So, including the time it takes to come to pressure, you can have tender pinto beans in about 15 minutes. That’s with soaked beans and pressure naturally released. Unsoaked dried beans, the pressure quick-released, yield tender pinto beans in about 35 minutes.

The deep-down with pressure cooking beans is you save time and you get superior quality beans. Dried beans—keep them in your pantry. And give your pressure cooker a big hug!
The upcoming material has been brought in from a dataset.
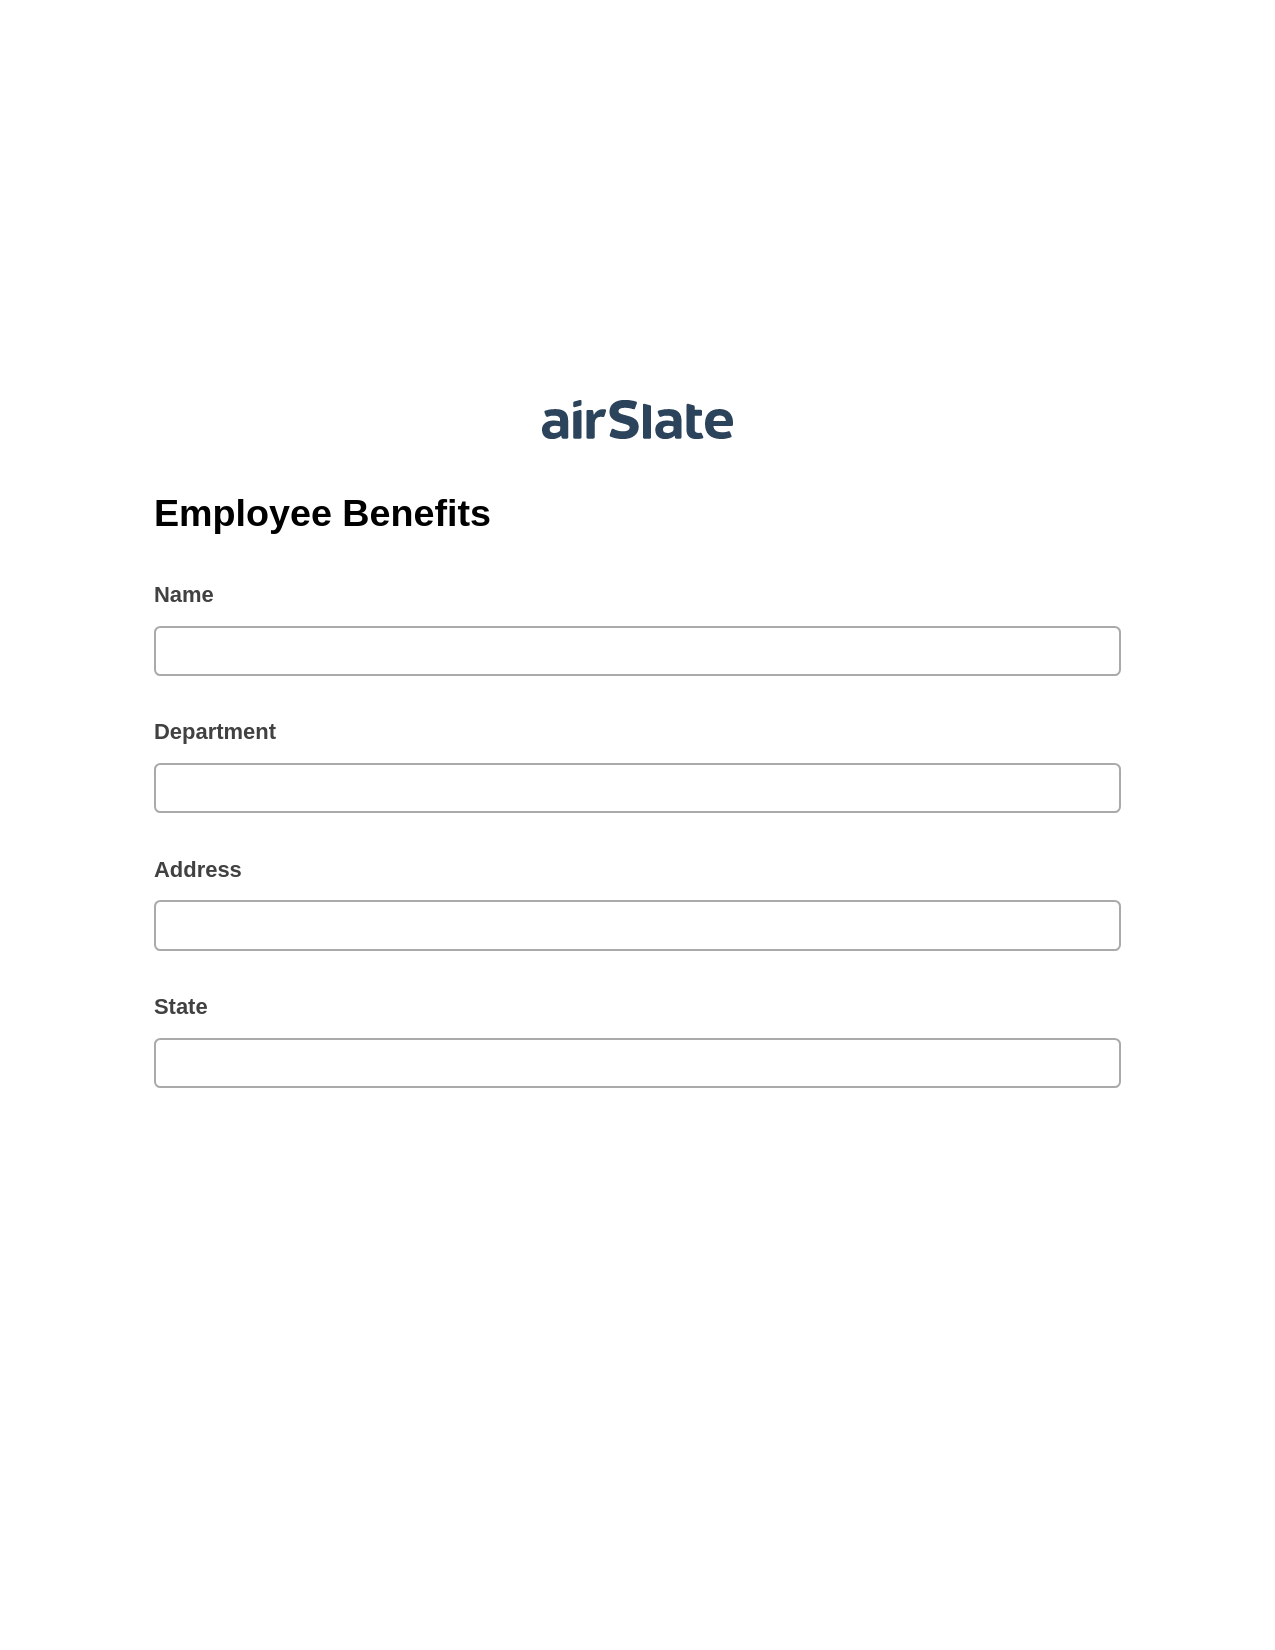 Employee Benefits Pre-fill Slate from MS Dynamics 365 Records Bot, Slack Notification Bot, OneDrive Bot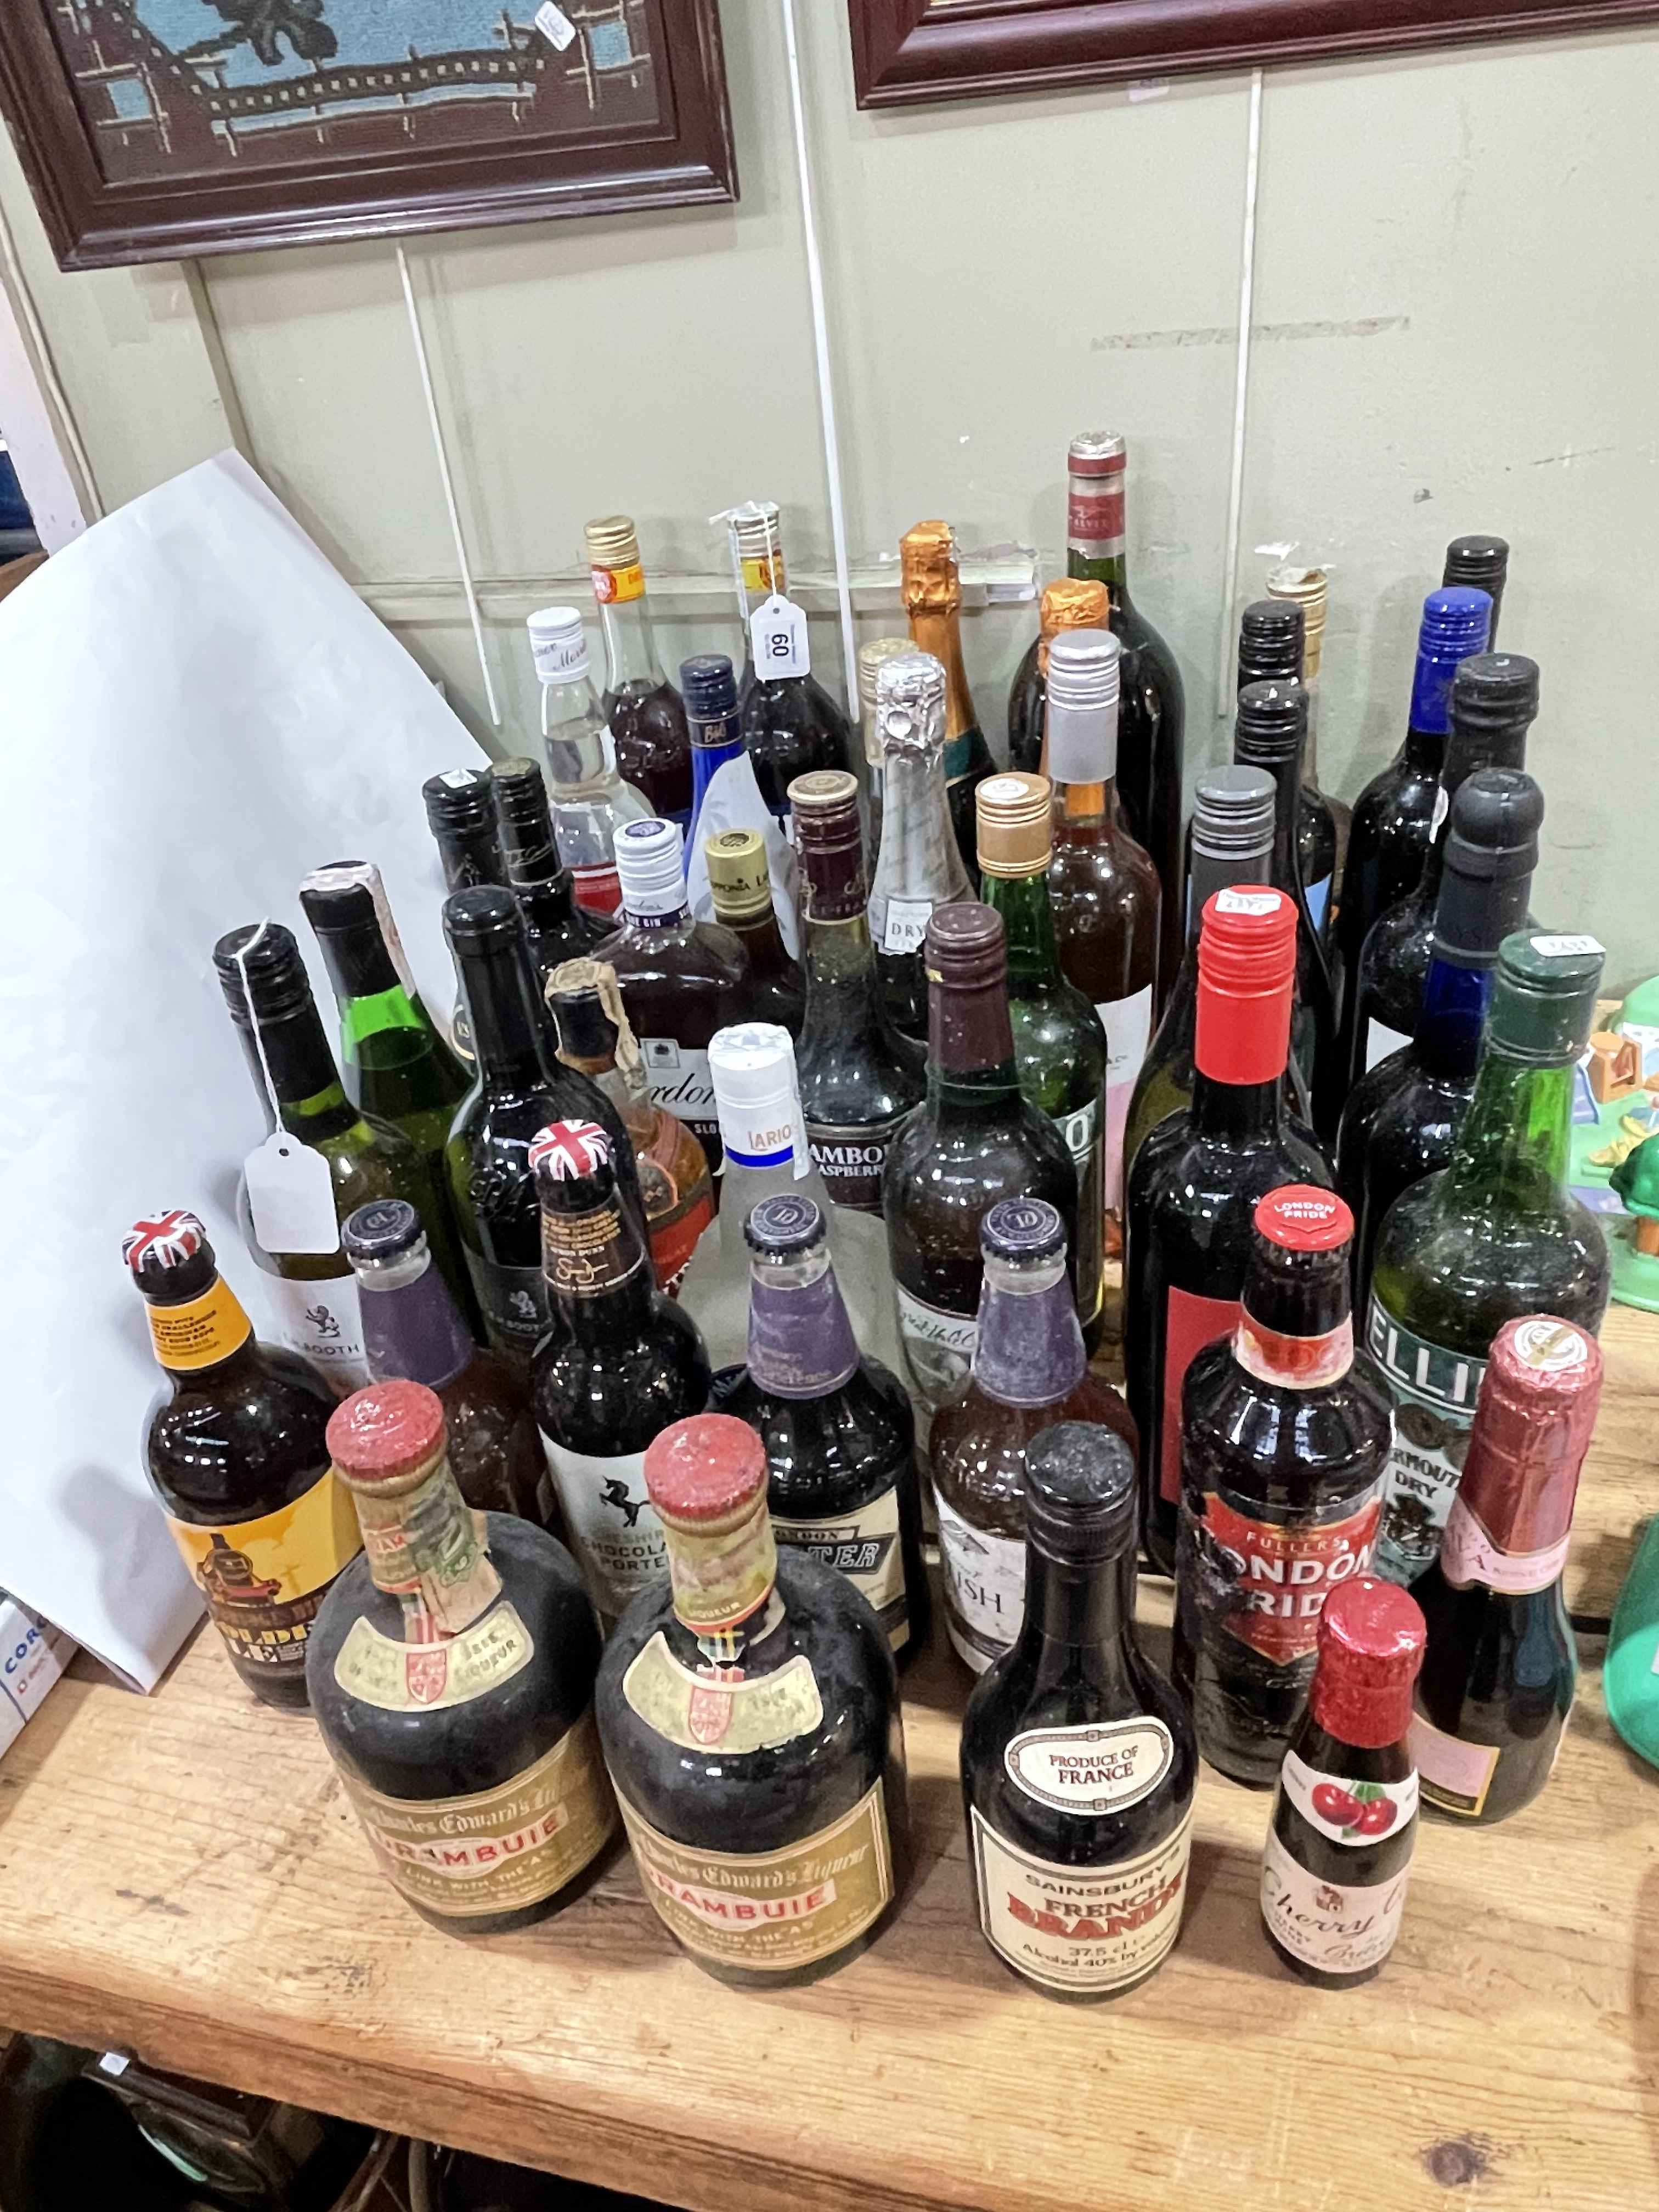 Collection of spirits, wine, beer etc including Campari, Gordon's Gin, Bergarac 2016,

 dried pinto beans in orange colander

About Pressure Cooking Pinto Beans:

  • When cooking dried beans do you salt before or after cooking? There’s plenty of discussion about that. I come from the salt-after-cooking school. Salt with good quality salt.
  • Looking for answers, author Michael Ruhlman found more than one food “expert” with differing thoughts about soaking and salting beans.
  • On his blog, Rancho Gordo’s Steve Sando has written more than once about soaking and when to salt. Shop for superior quality fresh dried beans on Rancho Gordo’s website.
  • It has been said that soaking dried beans before cooking makes them more digestible. Mexican cooks add epazote, a pungent green herb with “gas-relieving” properties, to their beans.
  • For the record, we do have an assortment of canned beans in our pantry, right next to the jars of dried beans. For sure canned beans in salty liquid are no match for freshly cooked beans and their resulting liquid, but sometimes you just want to open a can, ya know?
  • Since Robbie and I mostly use pinto beans in tacos and other Mexican foods, I season the dried beans with a mild dried chile, garlic cloves, and maybe some chopped onions.
  • There’s not much written about the beauty of pressure cooked beans. One thing’s for sure, pressure cookers reduce cooking time and fuel energy. For cooking beans, they’re awesome tools!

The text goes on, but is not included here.